No cross-correlation: Doxygen can't automatically discover and document the relationships between quantities, units, and dimensions. It won't understand that the unit newton relates to the quantity force, which in turn is derived from mass, length, and time.

Can't extract metadata: The rich semantic information encoded in our template parameters— like kind_of<isq::length> indicating a quantity hierarchy, or mag<1'000> indicating a scaling factor—is invisible to Doxygen. It would simply render these as template syntax without extracting their meaning.

Can't associate unit symbols: Doxygen can't recognize that an object in the unit_symbol namespace represents the symbol for a unit defined elsewhere. For example, it wouldn't understand that unit_symbol::m (the symbol object) corresponds to the metre unit, or that unit_symbol::kg relates to kilogram. These are separate C++ entities that only become connected through the library's type system—a connection that requires type introspection to discover.

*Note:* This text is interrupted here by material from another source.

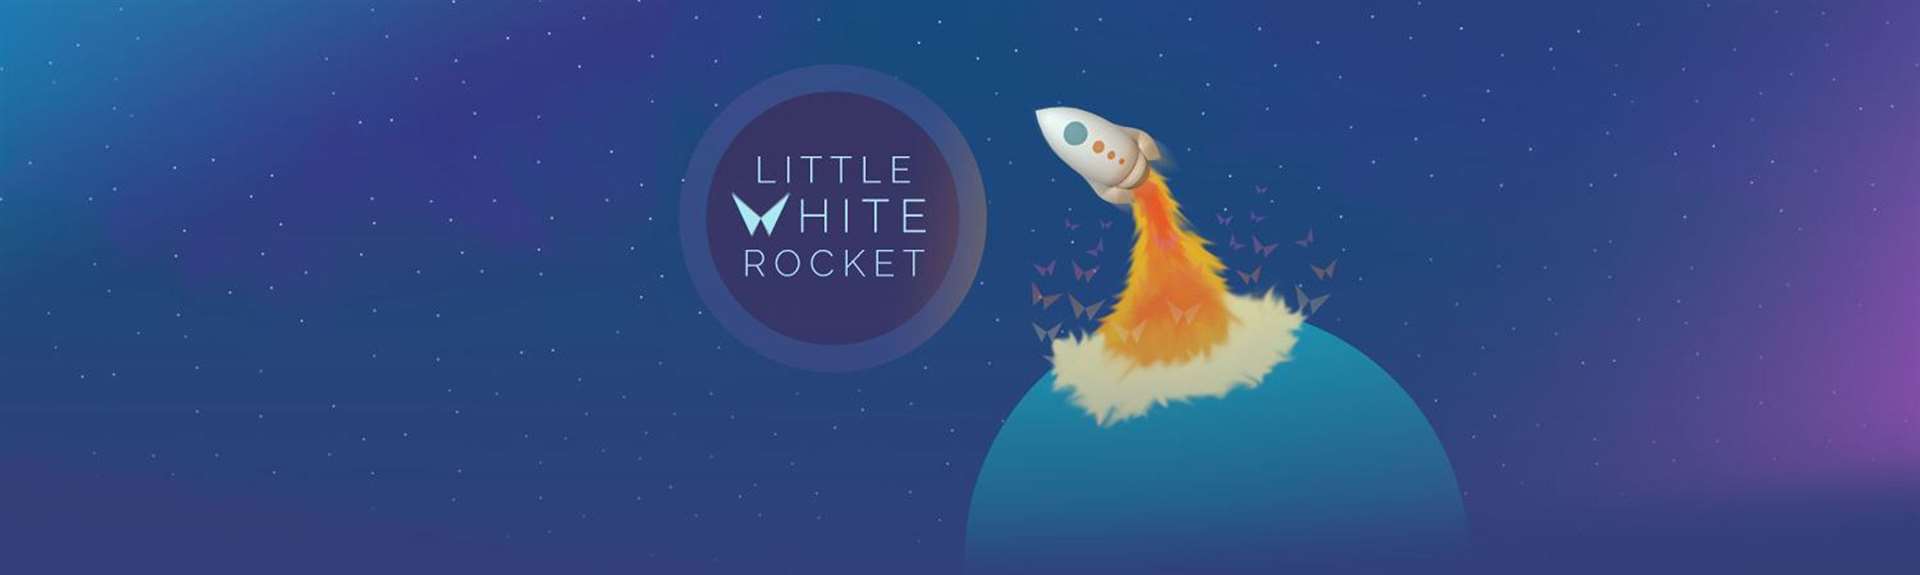 Little White Rocket. Picture: Handout/PA

No custom views: We needed specialized views like:

• Quantity hierarchy diagrams showing parent-child relationships
• Quantity hierarchy index organized by their associated dimensions
• Unit tables providing information about the symbols and definition details
• Cross-references linking units, quantities, and dimensions

Doxygen's output is optimized for API documentation, not for generating a physics-aware systems reference with interactive hierarchies and rich cross-linking.

We needed a tool that could understand the domain model encoded in our C++20 definitions and generate documentation that reflects the structure of physical quantities and units, not just the structure of C++ classes.

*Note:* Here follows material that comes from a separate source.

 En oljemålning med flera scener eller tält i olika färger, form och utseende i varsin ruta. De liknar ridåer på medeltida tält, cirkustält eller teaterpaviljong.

The Solution: Code as Documentation

Thanks to mp-units' use of modern C++20 features, particularly class types as non-type template parameters (NTTPs), the library's definitions are remarkably terse and parse-friendly. Most entities are defined in single, declarative lines:

inline constexpr struct metre final : named_unit<"m", kind_of<isq::length>> {} metre;
inline constexpr struct second final : named_unit<"s", kind_of<isq::duration>> {} second;

inline constexpr struct speed final : quantity_spec<length / time> {} speed;
inline constexpr struct acceleration final : quantity_spec<speed / time> {} acceleration;

For units with special symbols, the library separates the unit definition from its symbol object:

// Unit definition
inline constexpr struct ohm final : named_unit<{u8"Ω", "ohm"}, volt / ampere> {} ohm;

// Symbol object in unit_symbol namespace
namespace unit_symbols {
  inline constexpr auto Ω = ohm;
}

Info

More info on unit_symbols can be found in our Quick Start chapter.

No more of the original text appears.